Evelyn wrote "We all din'd at that most obliging and universally Curious Dr Wilkins's at Waddum, who was the first who showed me the Transparent Apiaries, which he had built like Castles and Palaces and so ordered them upon another, as to take Hony without destroying the Bees; These were adorn'd with a variety of Dials, little Statues, Vanes, etc: and he was so abundantly civill, as finding me pleased with them, to present me with one of these Hives, which he had empty, and which I afterwards had in my Garden at Says-Court, many Yeares after; and which his Majestie came on purpose to see and contemplate with much satisfaction."

Christopher Wren was then 22 years old and was given sole credit by Wilkins for designing the transparent beehives.   John Wilkins wrote to John Evelyn in 1656.

Honored Sir.
Yo r letter sent to Oxforde was returned back and found me here at London, Whither I was by some occasions necessitated to come much sooner than I expected. I have here in readines for you, one part of the Bee-hive you desire, according to the same modell I have in Oxford. If you would like to have two other like parts made to this, (Which I would advise) they may be done here in London by the same man who made this. I have taken order that it be left at Mr Beadley according to the direction of yor letter, where yor servant may call for it. I hope to waite upon you before my going out of towne. And shall always be
Most ready to serve you
J Wilkins
April. 2. 1656

Below is John Evelyn's sketch of his hive in his Elysium Britannicum, which is in the British Library, showing all the adornments he described.

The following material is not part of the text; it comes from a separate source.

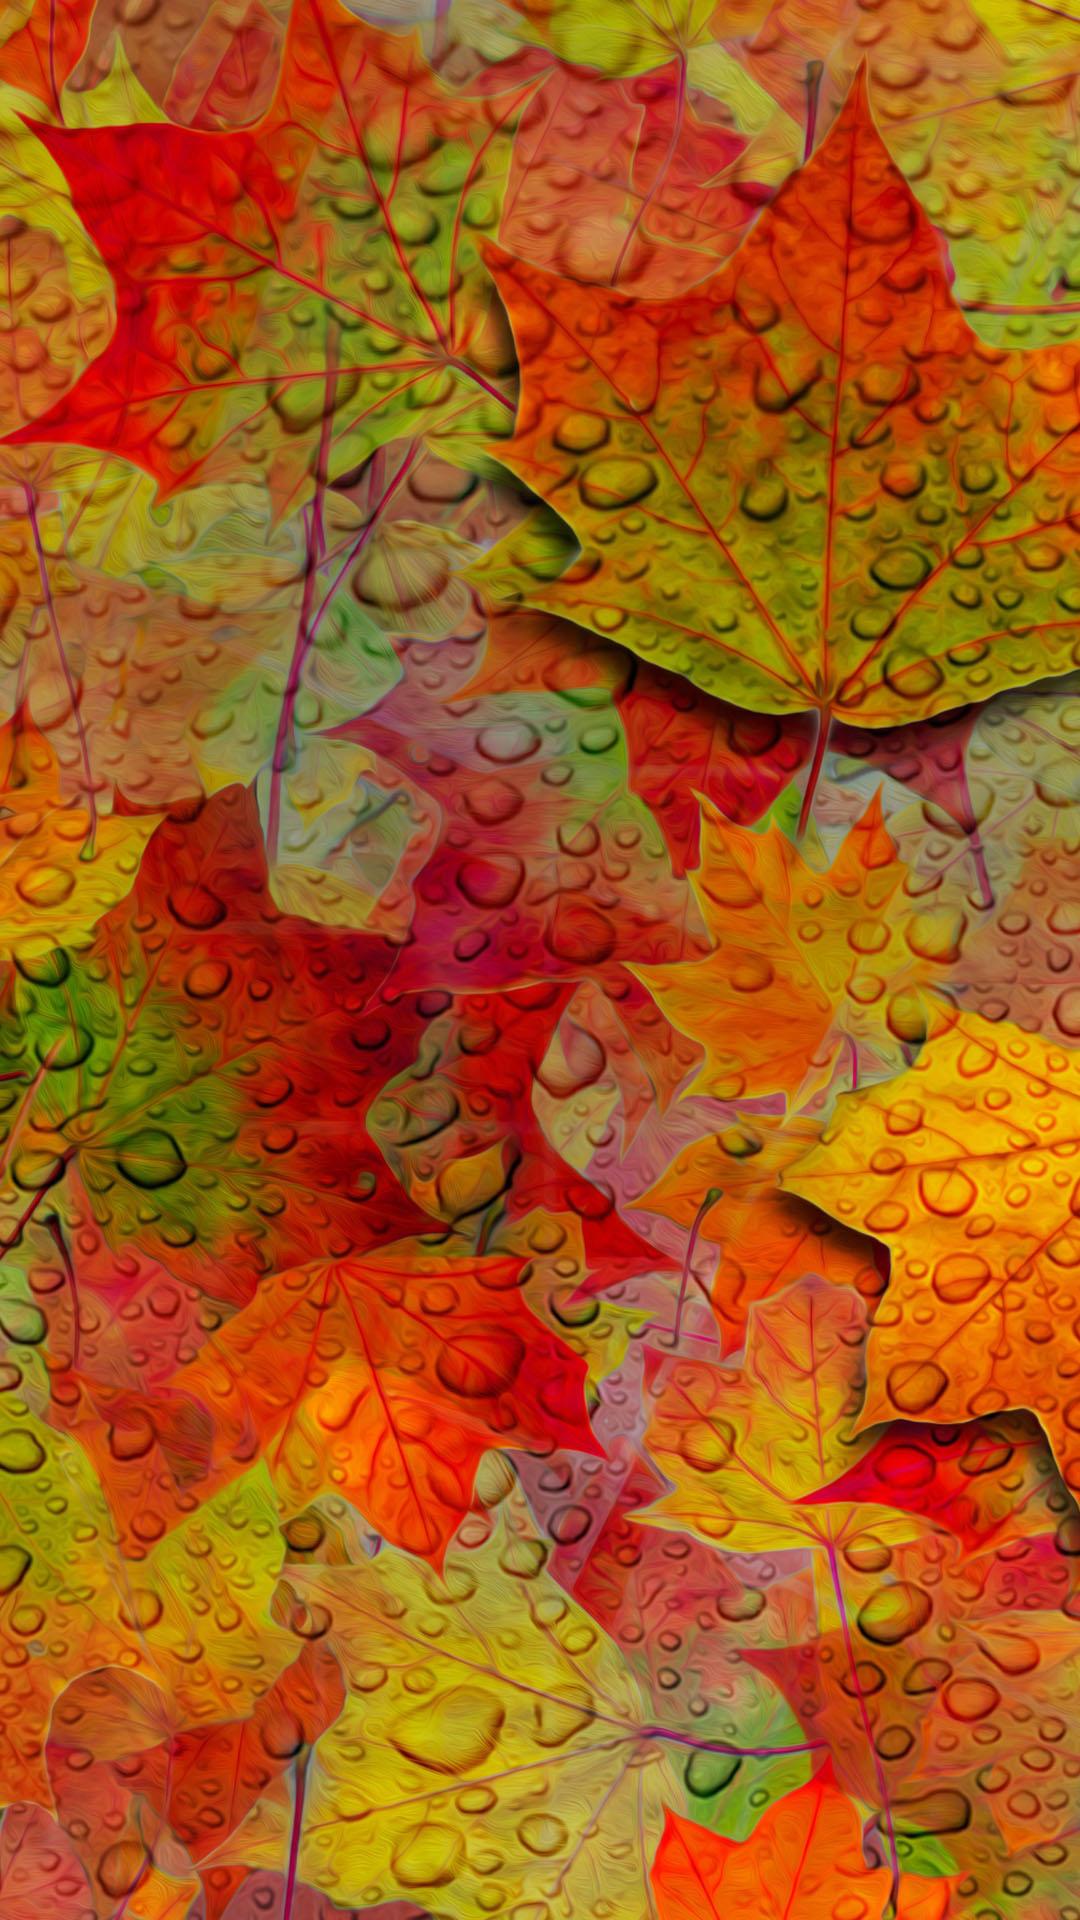 Fall Leaves Iphone 6 Plus Wallpaper Fall Iphone Wallpapers Pixelstalk Net
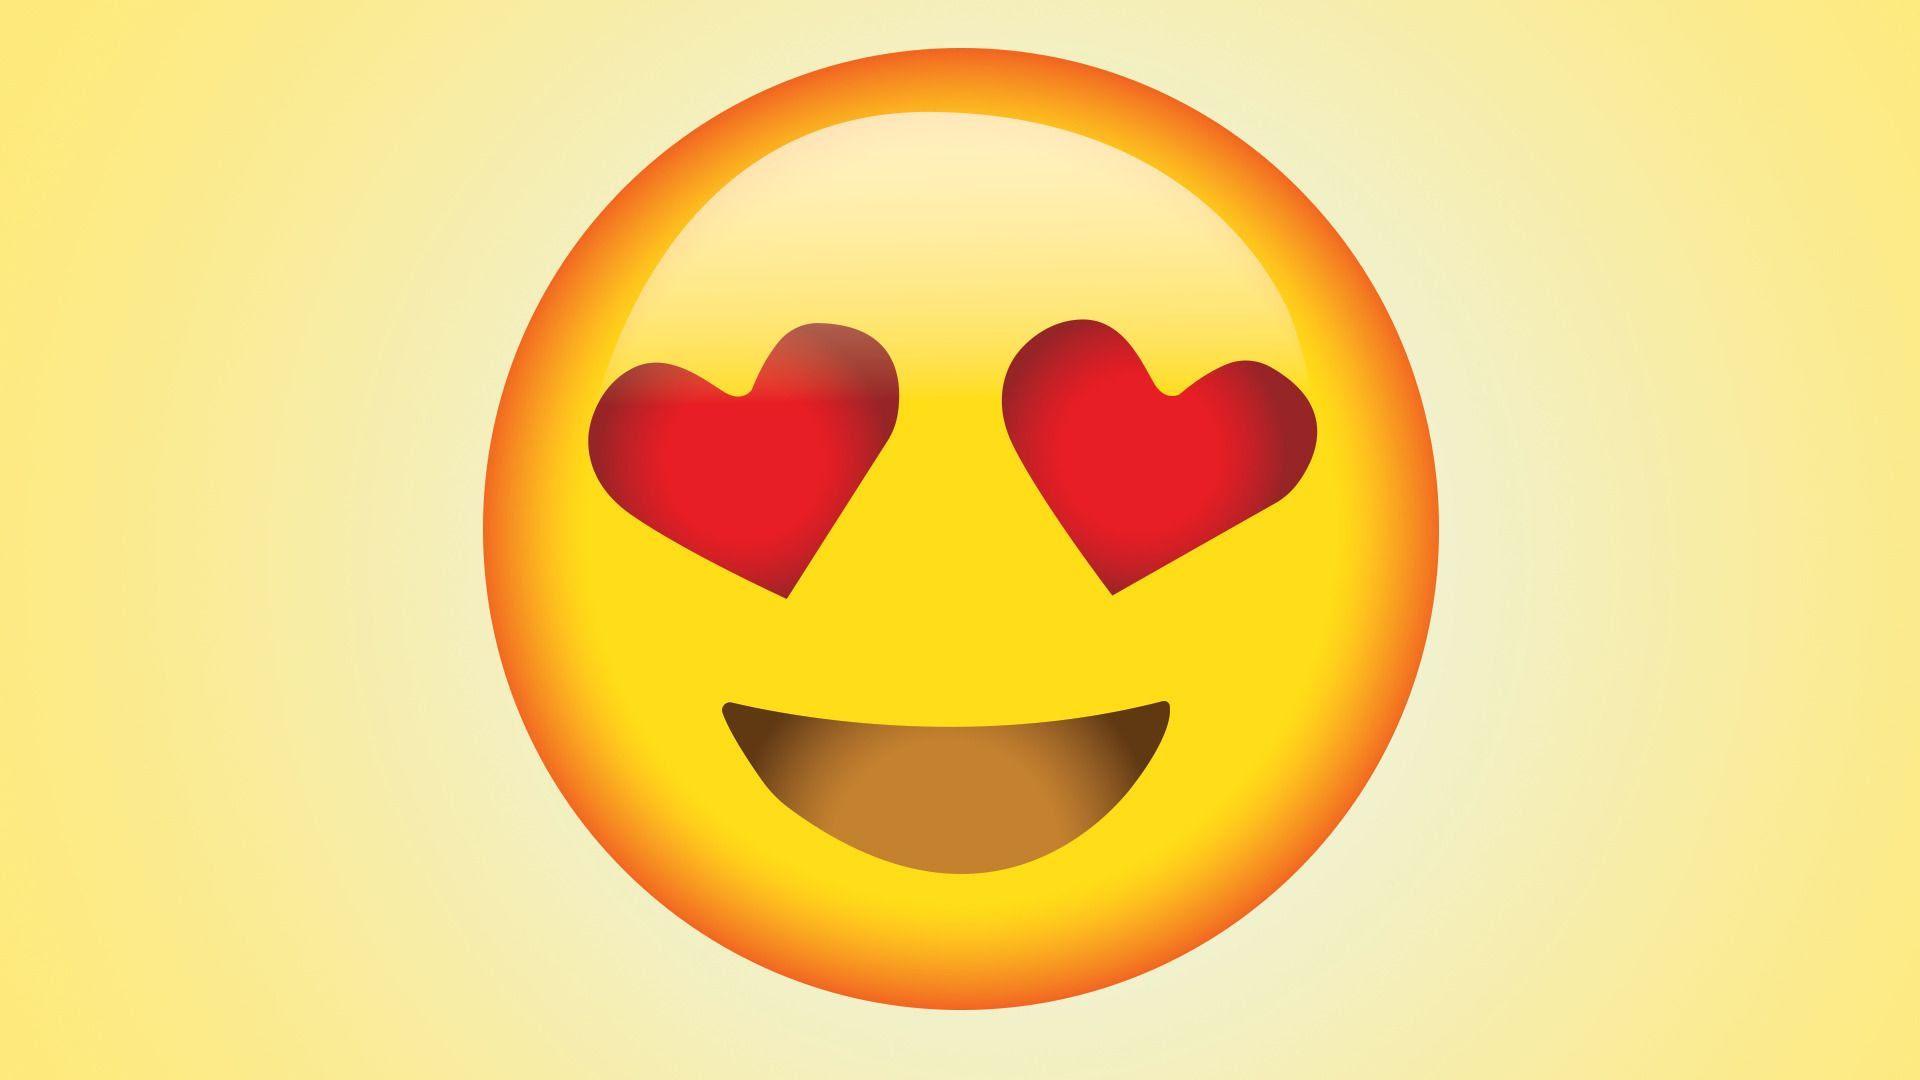 Download Emoji Wallpaper Hd 1080p Wallpaper Prambanan

The bees didn't always read the instructions, for Wilkins wrote to Evelyn on 16th August 1656, "For that unusual way of the combs in the hive, it may sometimes so happen, and hath done so with me, though according to the usual course they are built edgewise from the place of their entrance.  A window in the side hath this inconvenience in it, that in hot weather when the bees are apt to be busy and angry, a man cannot safely make use of it."  

It is such a pity that none of these hives survives but is it interesting to see how (later Sir) Christopher Wren, one of the greatest scientific minds of the age, was considering improvements to beehive design.


  1. Christopher,

    Perhaps I've missed it, but you haven't answered the burning question, the one I've wanted to ask for years: Are you or are you not an authentic Christopher Wren? Please don't think me impertinent for asking, but it was your name that drove me to your (other) website in the first place.

    I look forward to your posts on beekeeping, as long as you don't ignore your native bees. They, of course, are my favo(u)rite.

    1. I am, Rusty, but no relation. Sir Christopher Wren's line died out after four or five generations so he has no descendants. My great-great grandfather was also a Christopher Wren, something we didn't know until relatively recently. He was an impoverished hatter in Victorian London and died in the workhouse in 1899.
      I certainly won't neglect the native bees but I think they'll stay on TrogTrogBlog.
      Thanks for your interest.

  2. So interesting and I'm learning history! Thanks for stilling my curious mind.